July 2025 MBE Scores Hit Highest Scaled Mean Since 2013

The July 2025 Multistate Bar Exam national mean scaled score reached 142.4, the highest since 2013, reflecting improved performance by first-time test takers.

Key points:

  • National mean scaled MBE score for July 2025 rose to 142.4, highest since 2013.
  • 46,959 examinees sat for the exam, a 6% drop from July 2024.
  • Performance gains were driven by first-time test takers, according to NCBE.

The July 2025 Multistate Bar Examination (MBE) produced its strongest national mean scaled score in over a decade, according to newly released data from the National Conference of Bar Examiners (Law.com report). The mean score of 142.4 marked the highest figure since 2013, excluding the anomalous 2020 pandemic-era administrations.

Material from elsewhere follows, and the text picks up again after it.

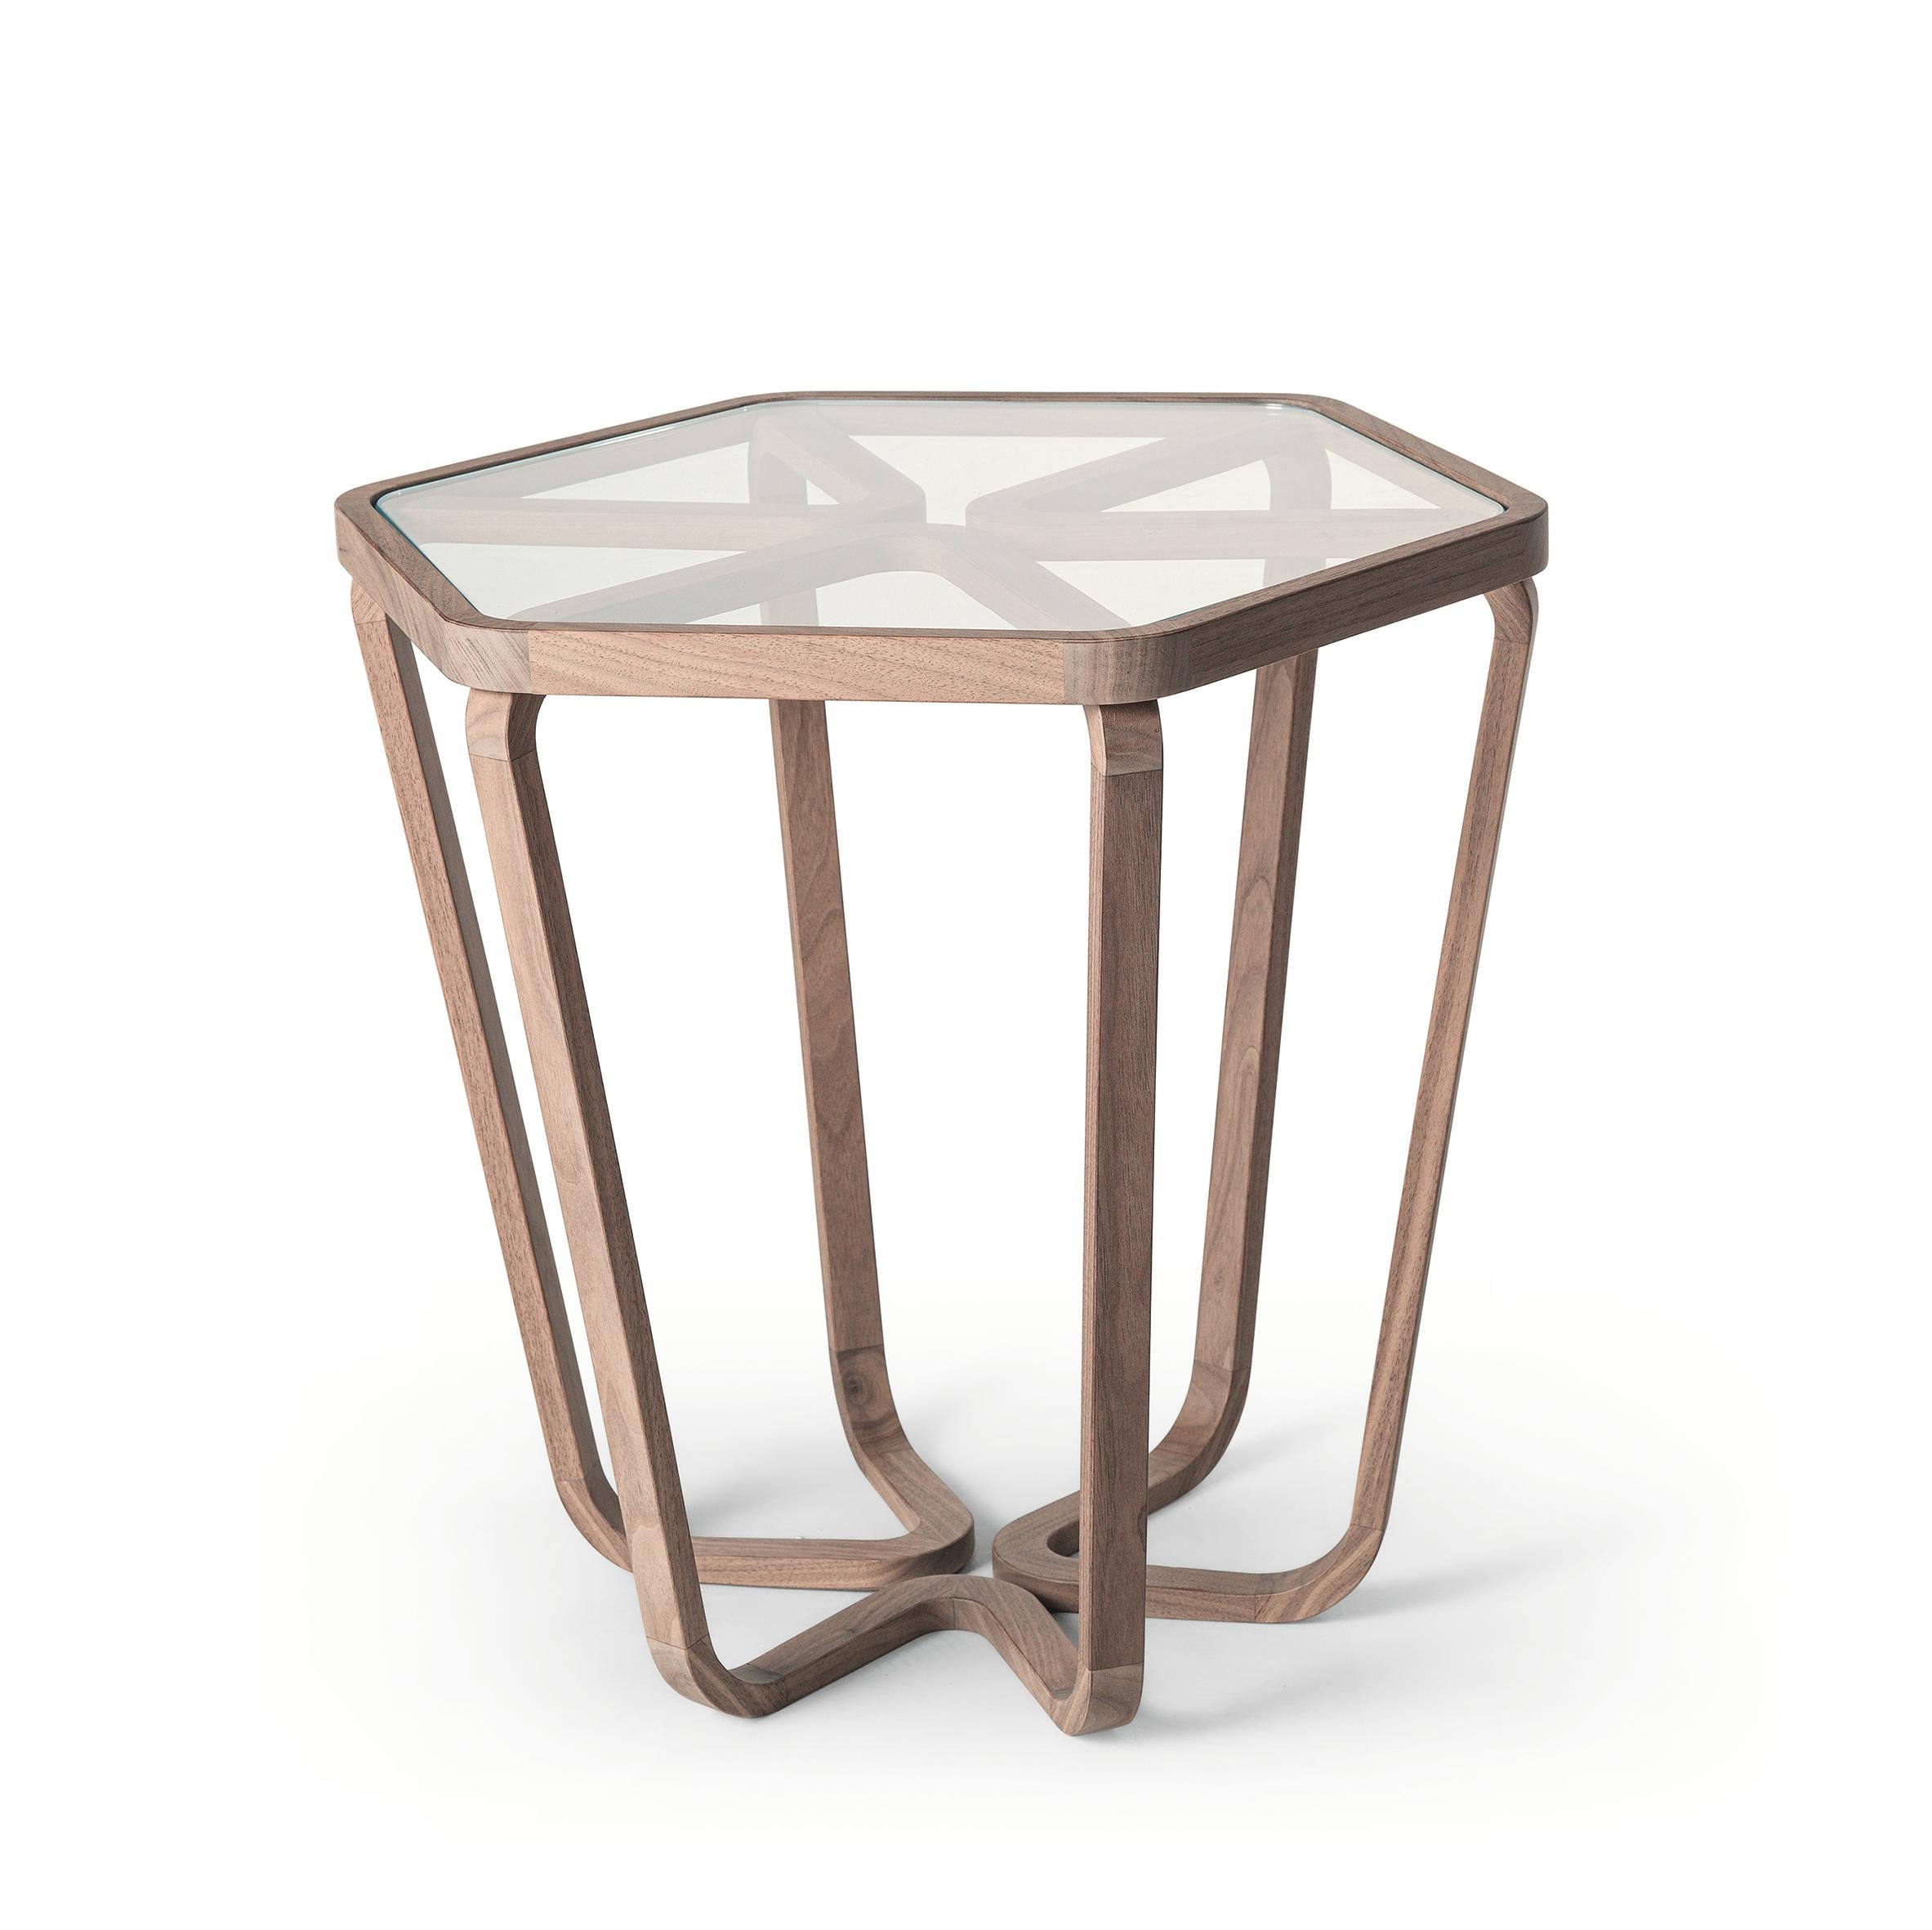 Trifolio est une table basse de forme hexagonale composée d'une structure en bois de noyer massif et d'angles arrondis. Les jambes divergentes créent une illusion de dynamisme qui change selon le point de vue de l'observateur. Les sections des

The 2025 figure is a 0.6-point increase from last July’s mean of 141.8 and a notable gain from 2023, when the score stood at 140.5. While the exam’s difficulty varies slightly across administrations, NCBE uses statistical equating to ensure comparability across years, making the upward trend significant for both law schools and firms monitoring bar passage rates.

A total of 46,959 candidates sat for the July exam—down from 49,844 in 2024. NCBE estimates that 77% of these were first-time takers, whose stronger-than-usual performance drove the mean increase. Repeat test takers represented 23% of the cohort, a slight decline from the year prior.

Bob Schwartz, NCBE’s managing director of Psychometrics, said in a statement that “performance by those first-time test takers this year drove the overall increase in the national mean,” while also projecting a modest rise in overall pass rates once jurisdictions release results. Jurisdictions are still grading written components, with official pass rates expected to follow later this fall on the NCBE’s official site.

The July results stand in contrast to the February 2025 administration, when the national mean scaled score fell to 130.8, down from 131.8 the prior year. That exam was also notable for the absence of California, which for the first time replaced the MBE with its own multiple-choice section. Even excluding California, performance in February reflected a slight year-over-year decline.

Despite the July improvement, the overall number of examinees continues to decline—an ongoing trend with potential implications for law school enrollment, bar admissions, and talent pipelines at major firms. With July scores trending upward since 2022, stakeholders will be watching whether this year’s results represent a sustainable shift in performance or simply reflect cohort dynamics.